No, more locks doesn't necessarily mean higher maintenance cost.  More complexity
definitely means more maintenance, but additional locks doesn't necessarily equate
to increased complexity.

Lockless algorithms are almost always more difficult to reason about, i.e. trying
to use a sequence counter for this case would be more complex than using a per-vCPU
mutex.  The only complexity in adding another mutex is understanding why an additional
lock necessary, and IMO that's fairly easy to explain/understand (the shrinker will
almost never succeed if it has to wait for vcpu->mutex to be dropped).

> So unless it is necessary, we probably should choose a simple solution first.
> 
> In this case, I think we do have such a choice and since a similar
> mechanism has already been used by mmu_notifiers.

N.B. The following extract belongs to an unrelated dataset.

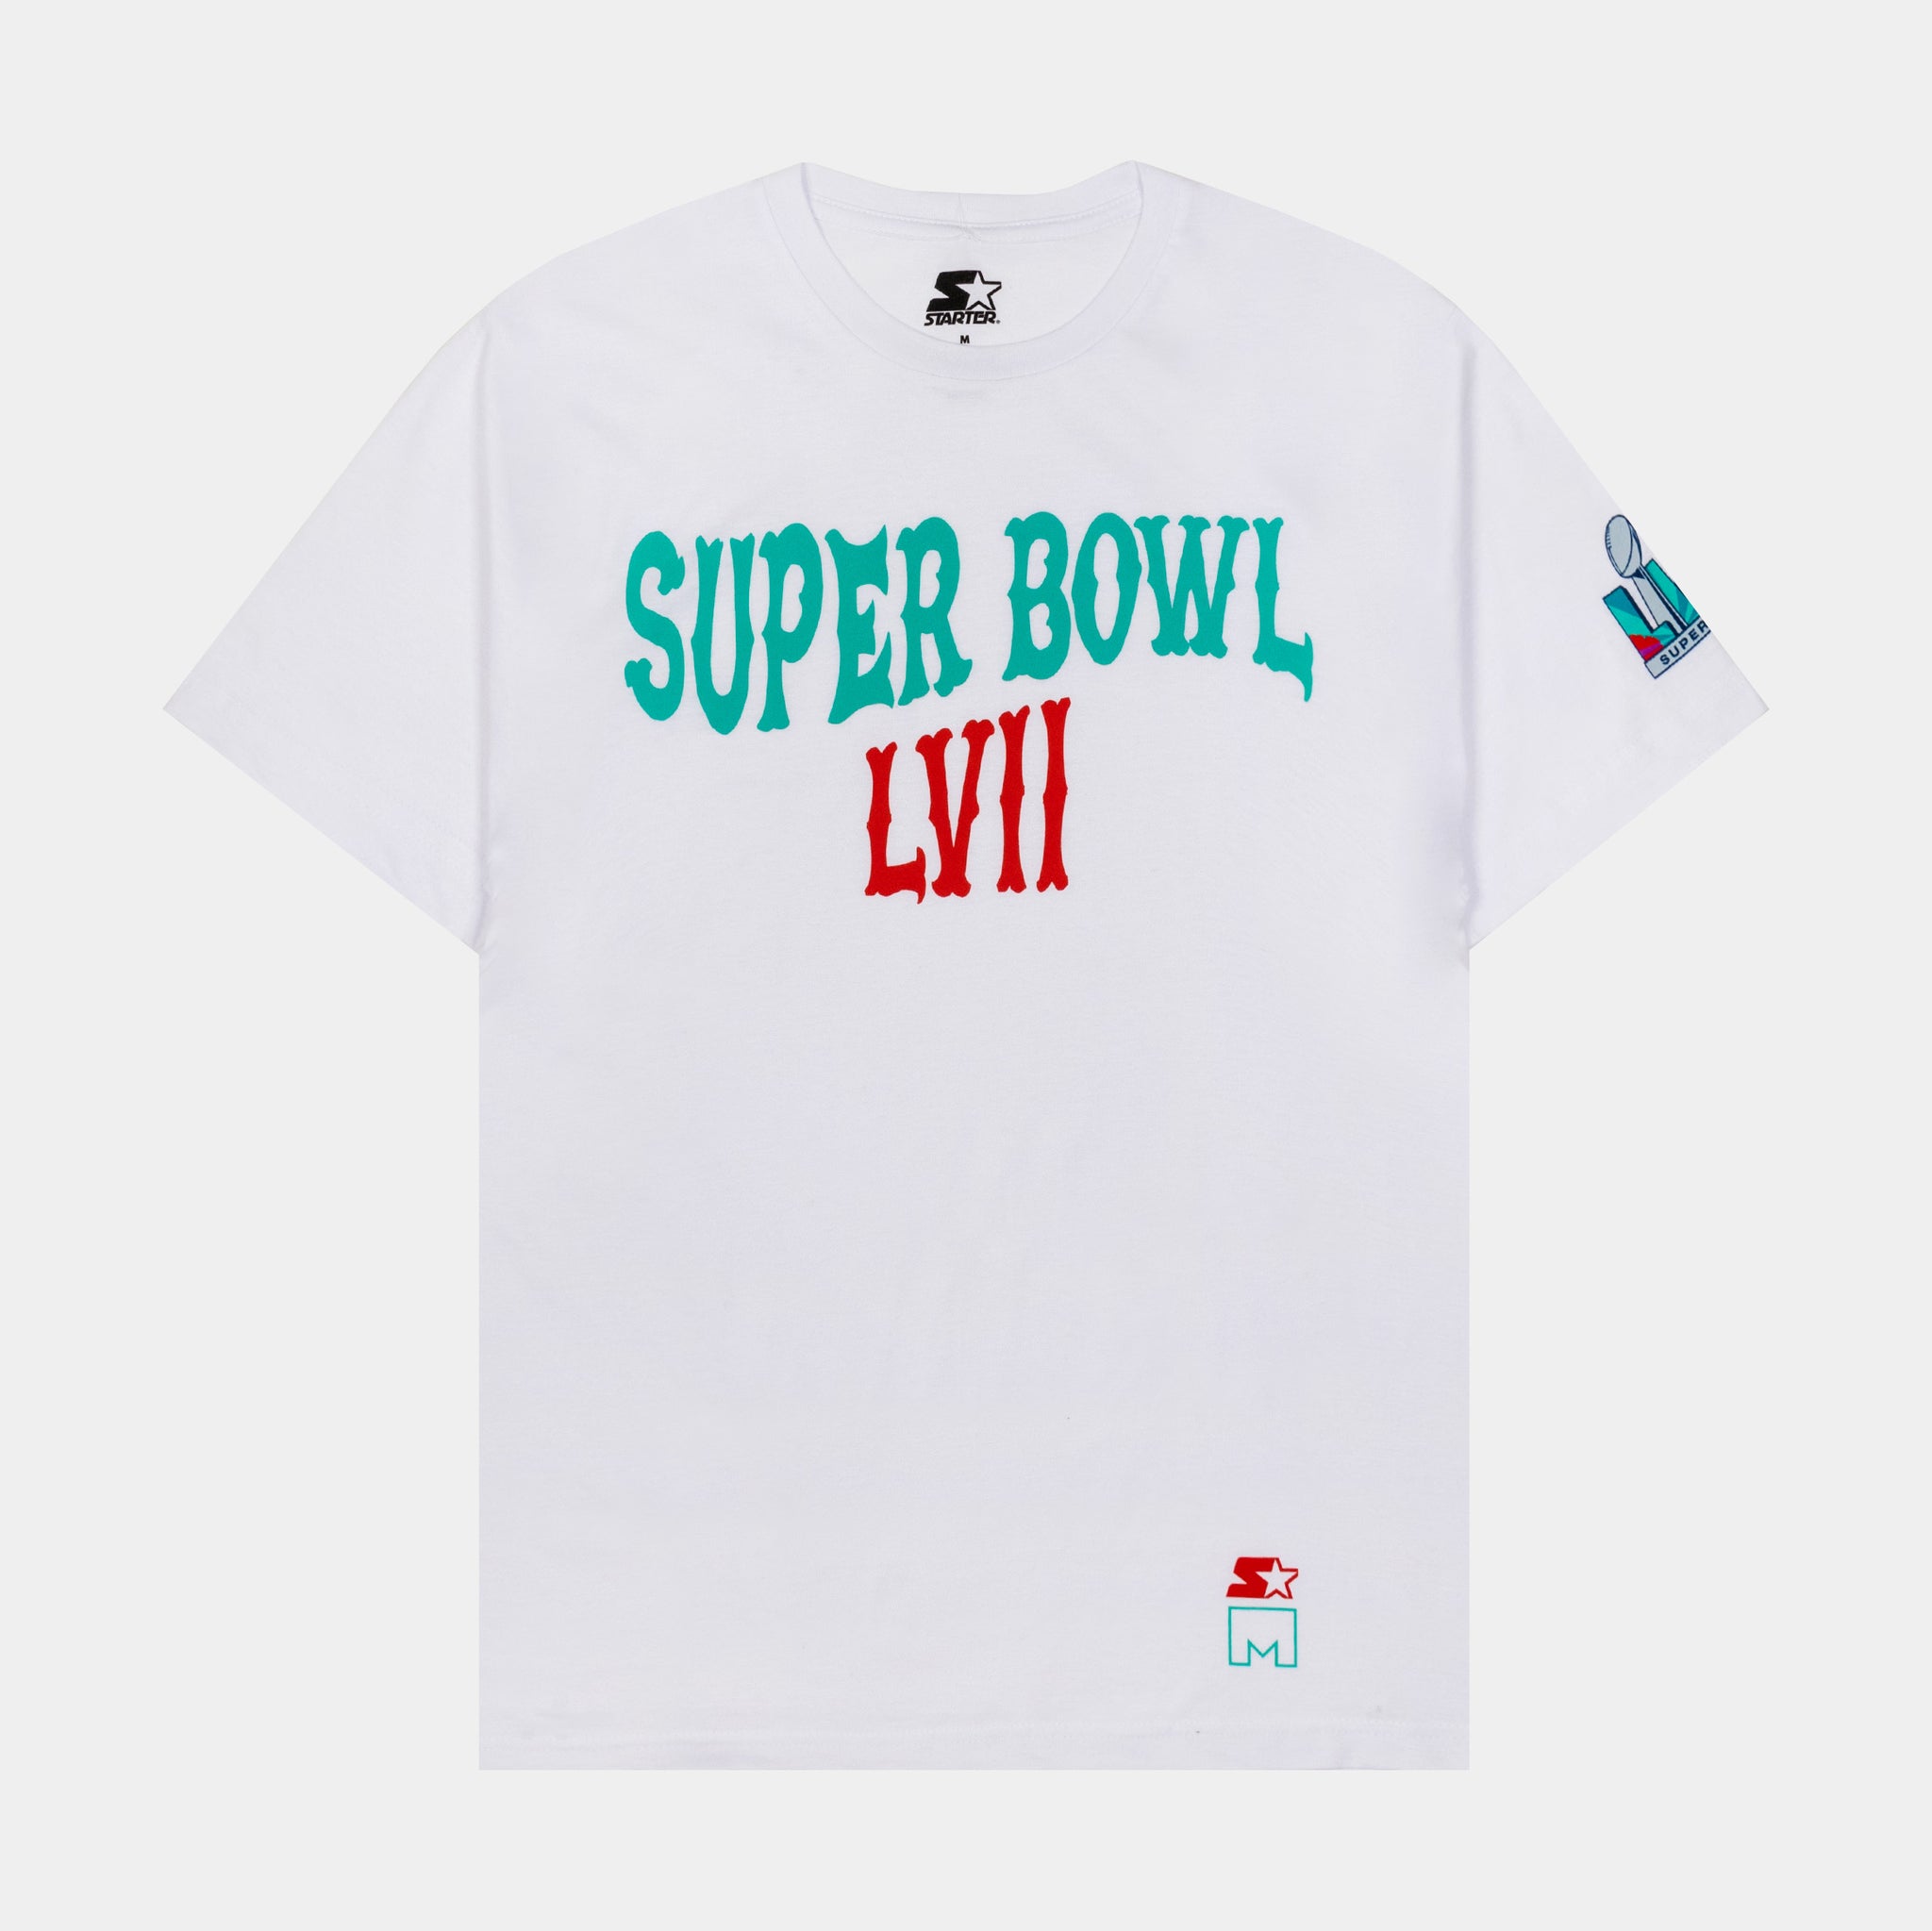 Cheap Super Bowl LVII Apparel, Discount Super Bowl Gear, NFL Super
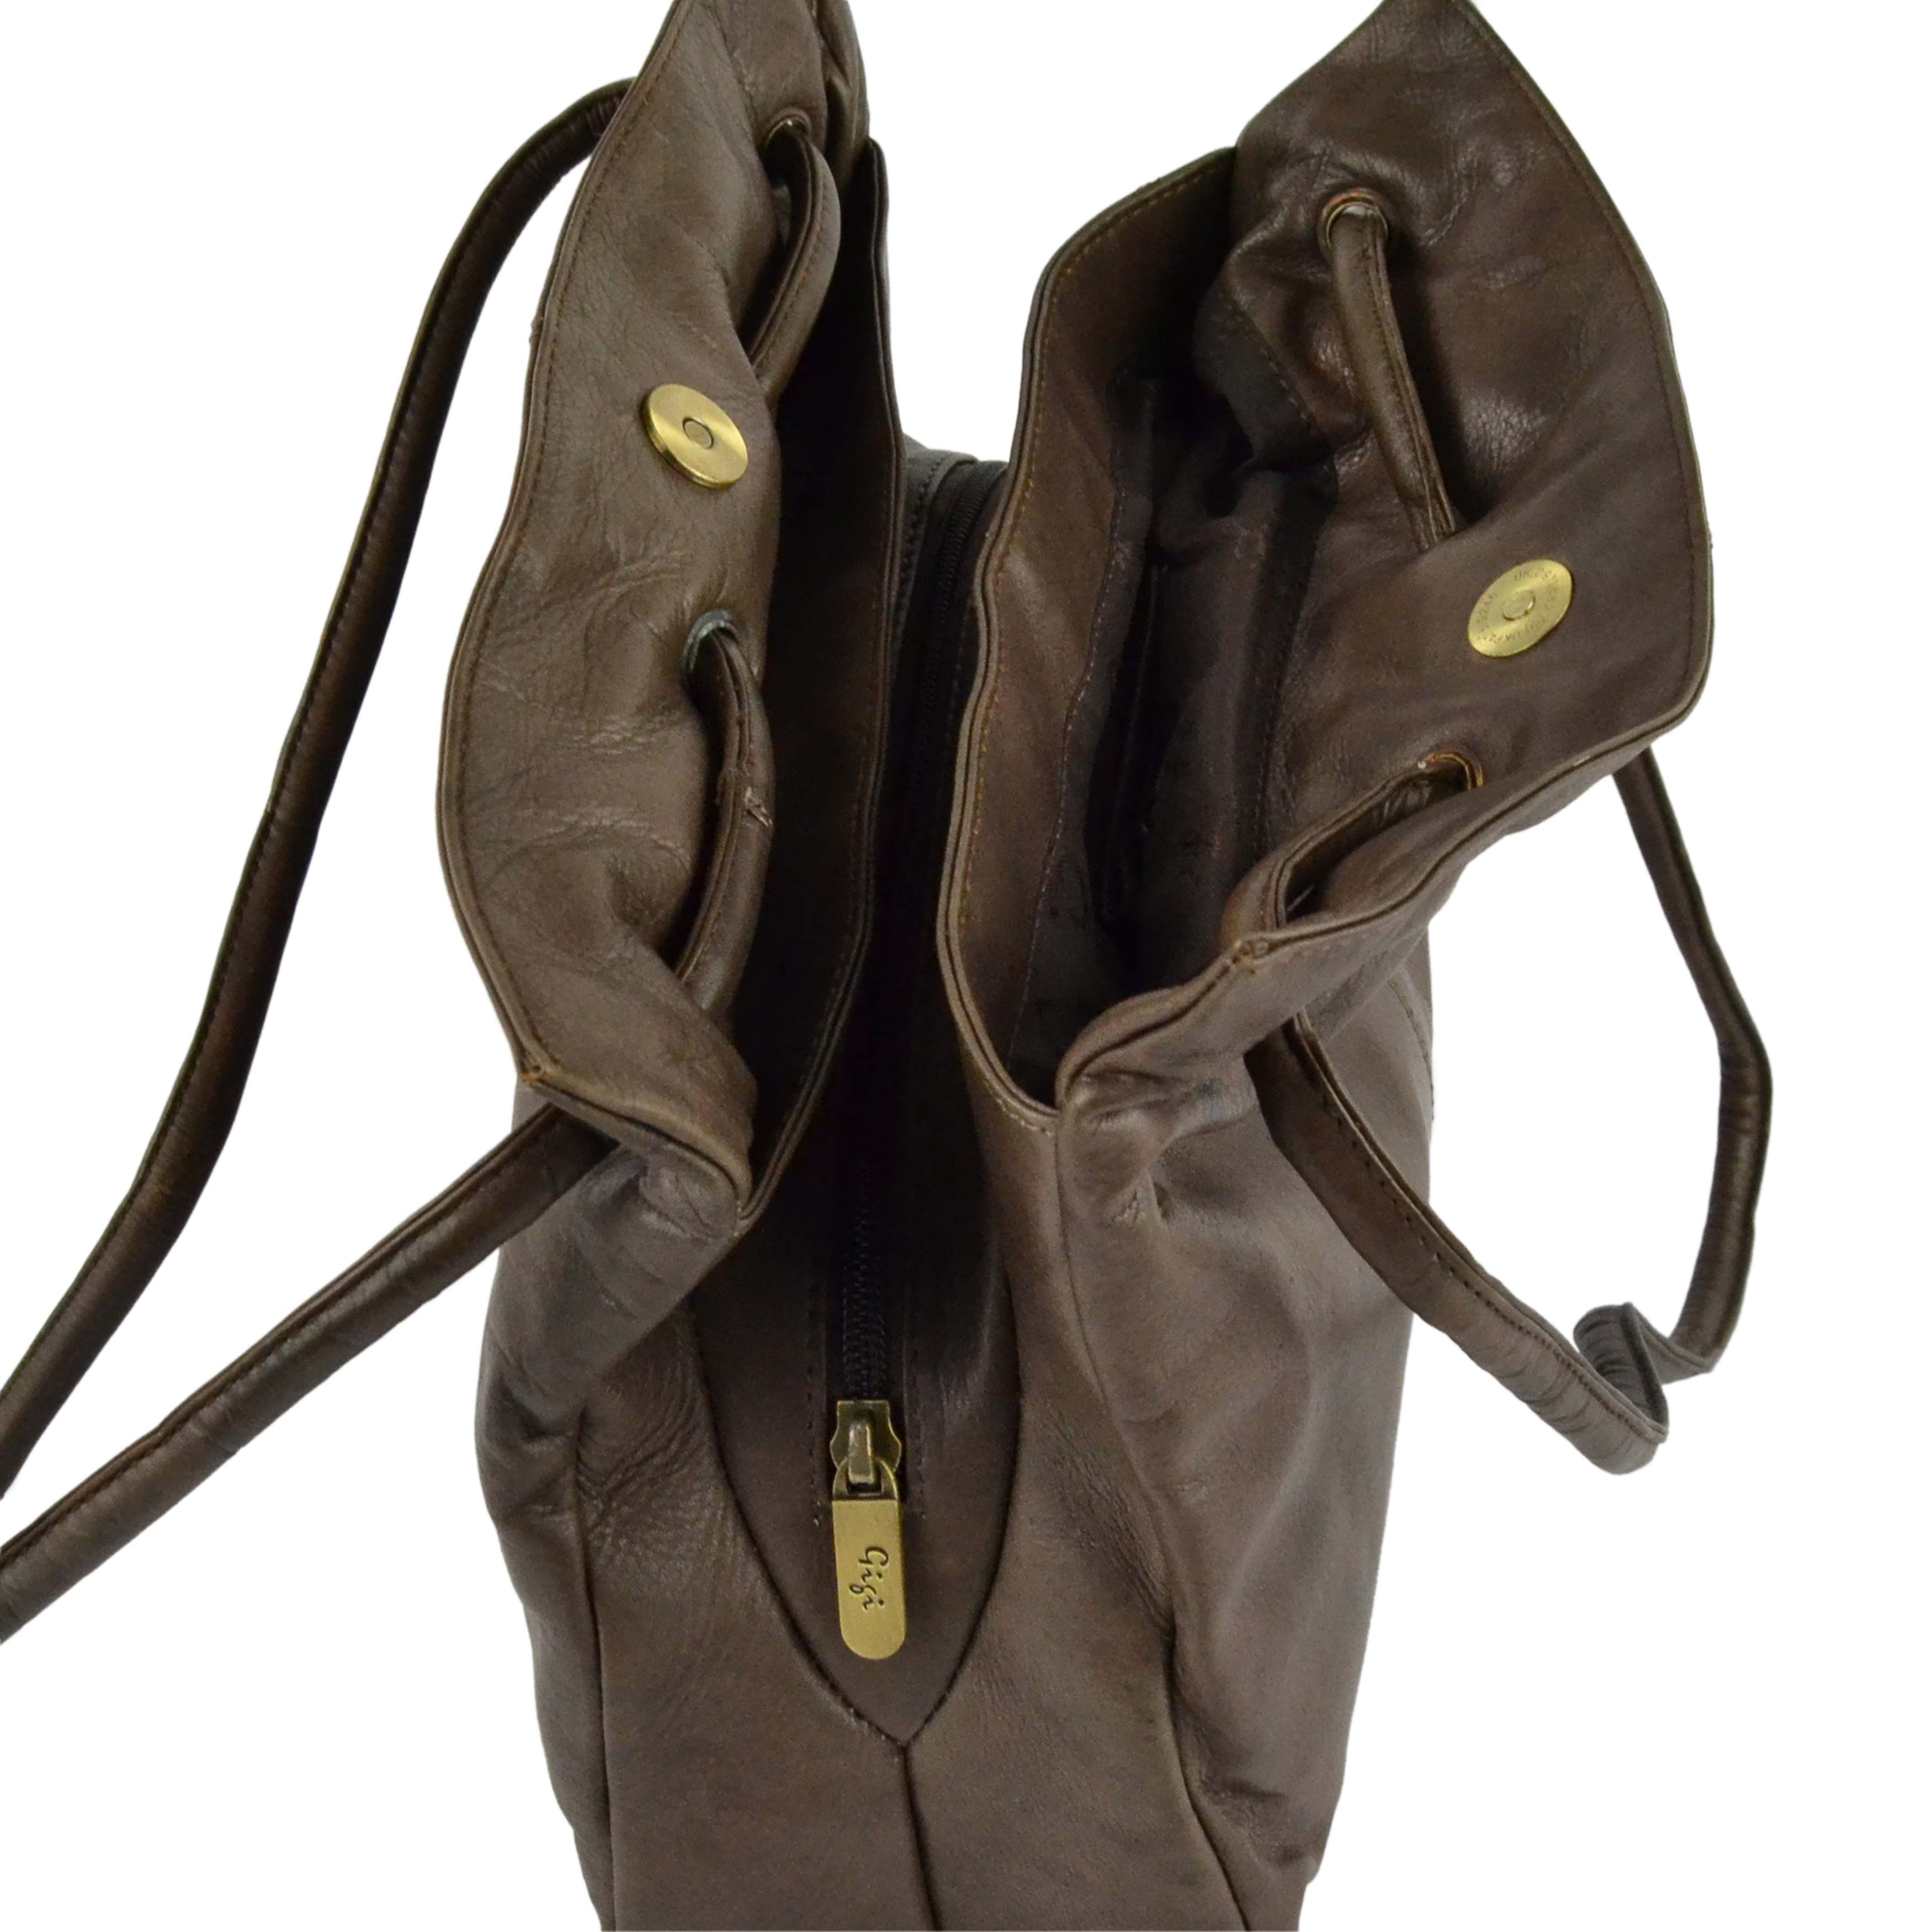 Ladies Soft Leather Shoulder Handbag by GiGi Othello Collection Classic  Stylish

The mmu_notifier case is very different.  The invalidations affect the entire VM,
notifiers _must_ succeed, may or may not allowing sleeping, the readers (vCPUs)
effectively need protection while running in the guest, and practically speaking
holding a per-VM (or global) lock of any kind while a vCPU is running in the guest
is not viable, e.g. even holding kvm->srcu is disallowed.

In other words, using a traditional locking scheme to serialize guest accesses
with host-initiated page table (or memslot) updates is simply not an option.